Ditto what everyone else has said. Sadly some people just don't get allergies, they think it's just fussy eating or over-protective parenting. Does this woman not realise that she could have killed your child? I was very lucky that DS's nursery only had 9 kids and the staff were fantastic. The allergy nurse went in to train them not just on how to use the epi pen but also about managing allergies and avoiding reactions. Sounds like your nursery needs some serious allergy training. I really don't think I could send my child there again, even though I'd hate to have to pull them away from their friends etc.

mumat39 · 02/03/2012 23:52

Thanks everyone.

A bit of an update. Apologies in advance for the fact that this is all over the place. It represents the state of my head at the moment.

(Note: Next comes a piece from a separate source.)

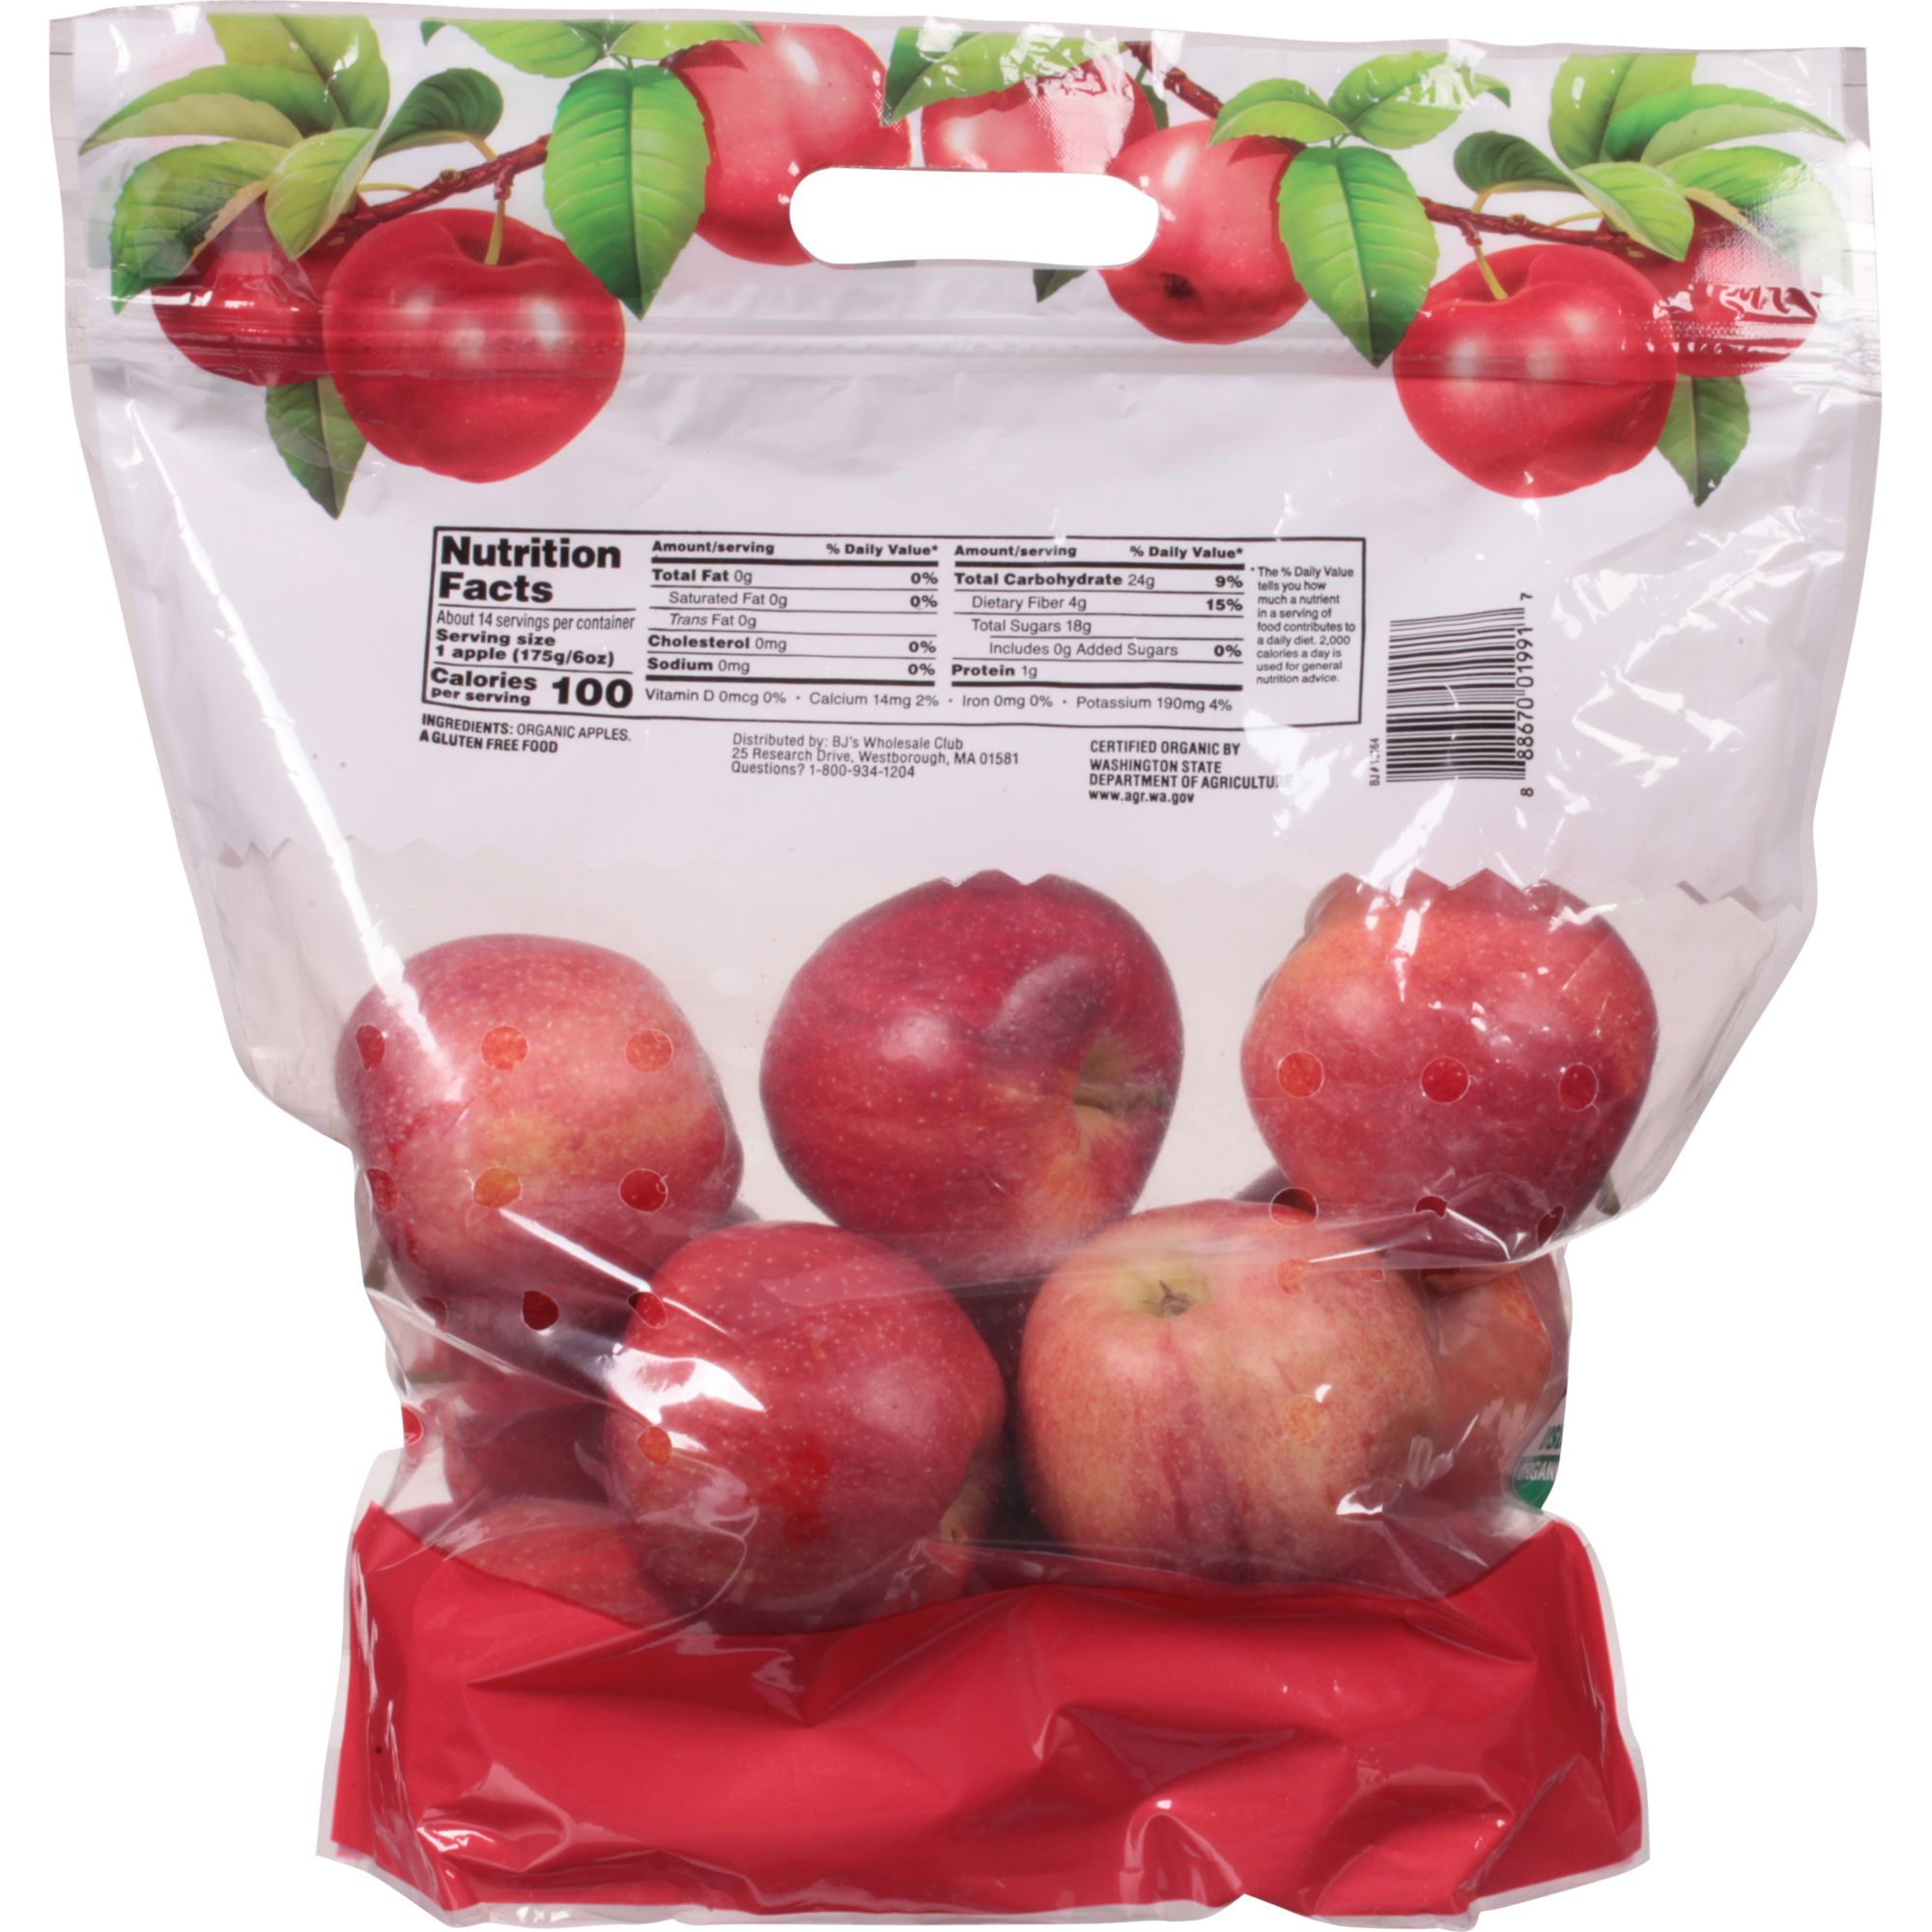 Organic Large Fuji Apples - 5ct

I tried to contact the allergy nurse this morning and couldn't get through.

I also spoke to the mum who had been doing the baking with the kids and she had been told that there were kids with allergies in the first group but that the ingredients, including the bloody egg were fine. I felt bad ringing this mum and only did as I felt the teacher yesterday was not telling me the facts. The mum also told me that DD was a joy to have baking as she hadn't ever done it before and that DD had loved it. I also couldn't get through to the Senco and felt I needed the facts so I called her. I do feel bad as she is lovely and I hope she didn't feel that this was in some way her fault at all.

I called the Senco and she called me back and we had a conversation where I got upset again. She didn't say anything until I mentioned it and then told me that she had been updated by the teacher concerned, who later during our conversation she told me that the teacher had been very upset during their conversation.
Anyway, the Senco was very apologetic and said she was very disappointed that this had happened and that she understands that they have to build up my trust in them again. She also said that the teachers had told her that the whole egg thing had been an oversight and that as soon as they realised they asked DD to wash her hands straightaway. Basically they changed the details. The thing is that if this had happened why didn't they mention it to me when I picked her up? and why did they let her bring the biscuit home??

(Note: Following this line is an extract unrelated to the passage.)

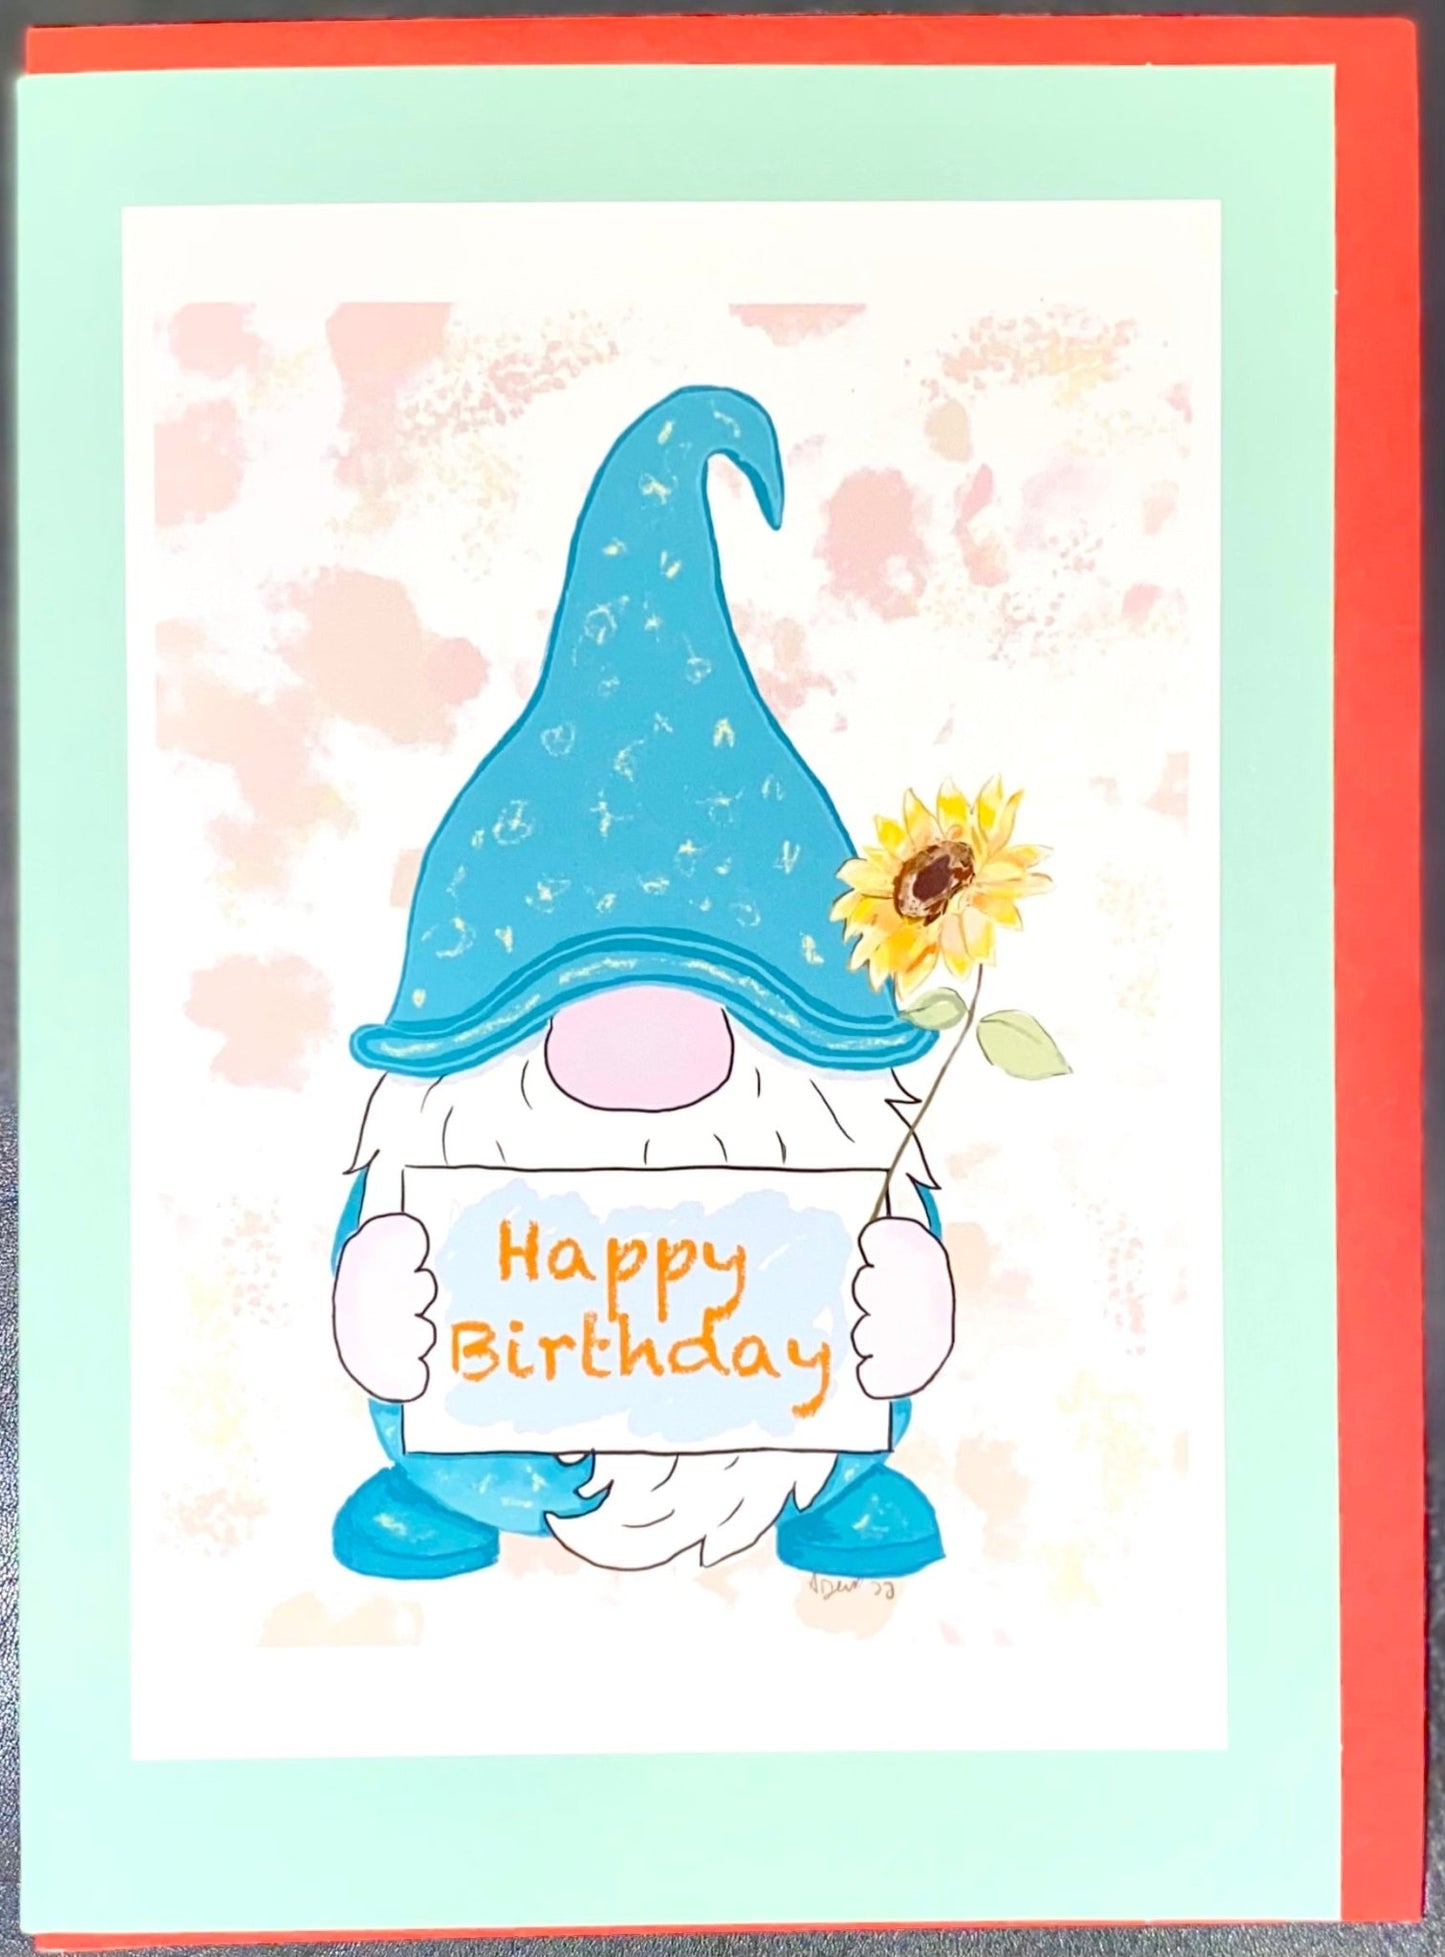 Gnome Birthday Greeting card - Blue Cava

She also said that we should have a meeting to decide how to move forward with the teacher, her and me present. I mentioned that the processes are in place now and that these weren't followed. SHe kept saying sorry and that we need to move forward.

Anyway, she does seem to want to ensure things don't happen again but she kept saying, over and over, that they cannot guarantee 100% that they can keep DD away from allergens. She's said this in the past when we first worked through the care plan so I'm used to this. I've always said to them that as long as they have processes in place where DD is kept as safe as possible, and she still has a reaction then that's just one of those things. I'm well used to DD having odd reactions at home even though I am very very careful, and I understand that there is always an element of risk.

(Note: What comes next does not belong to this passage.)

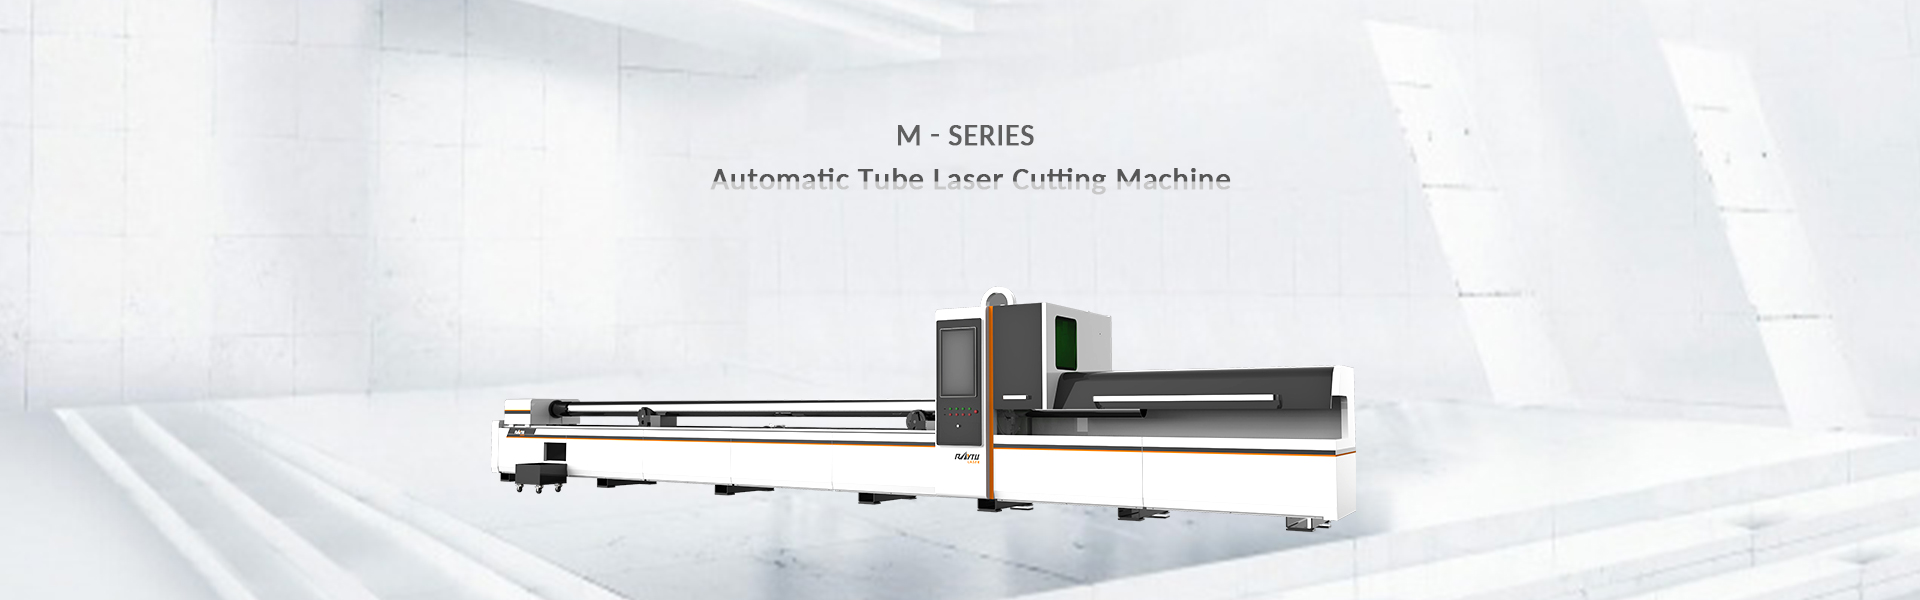 Automatic Tube Laser Cutting Machine

She then replied to say, but even if we put these procedures in place with extra checks, she still can't 100% guarantee DD will be kept safe as there is always room for 'human error'. I've been thinking about this all day and surely that's why processes and checks are put into place to mitigate against human error? Or am I completely wrong about this?

SHe also said that we need to think about baking and that maybe I should be there for when DD does baking. I don't work but have a 2 year old so this isn't practical. SO she said well maybe then DD doesn't do baking. Or I provide all the ingredients before hand. I keep wondering if this is actually inclusive??

I also asked about egg boxes and I thought they said they didn't allow them into nursery and they were requested in today's newsletter. When I ask about things like this they are always talking about inclusion and the curriculum and how important it is for all kids to be able to take part. I understand that but they really don't seem to be willing to try and include DD.

ANyway, they have asked me to provide plastic egg boxes for junk modelling. We don't eat eggs due to DD's allergies and don't have them in the house, but she said that the supermarkets sell the plastic boxes that I could buy and wash. I won't be doing that!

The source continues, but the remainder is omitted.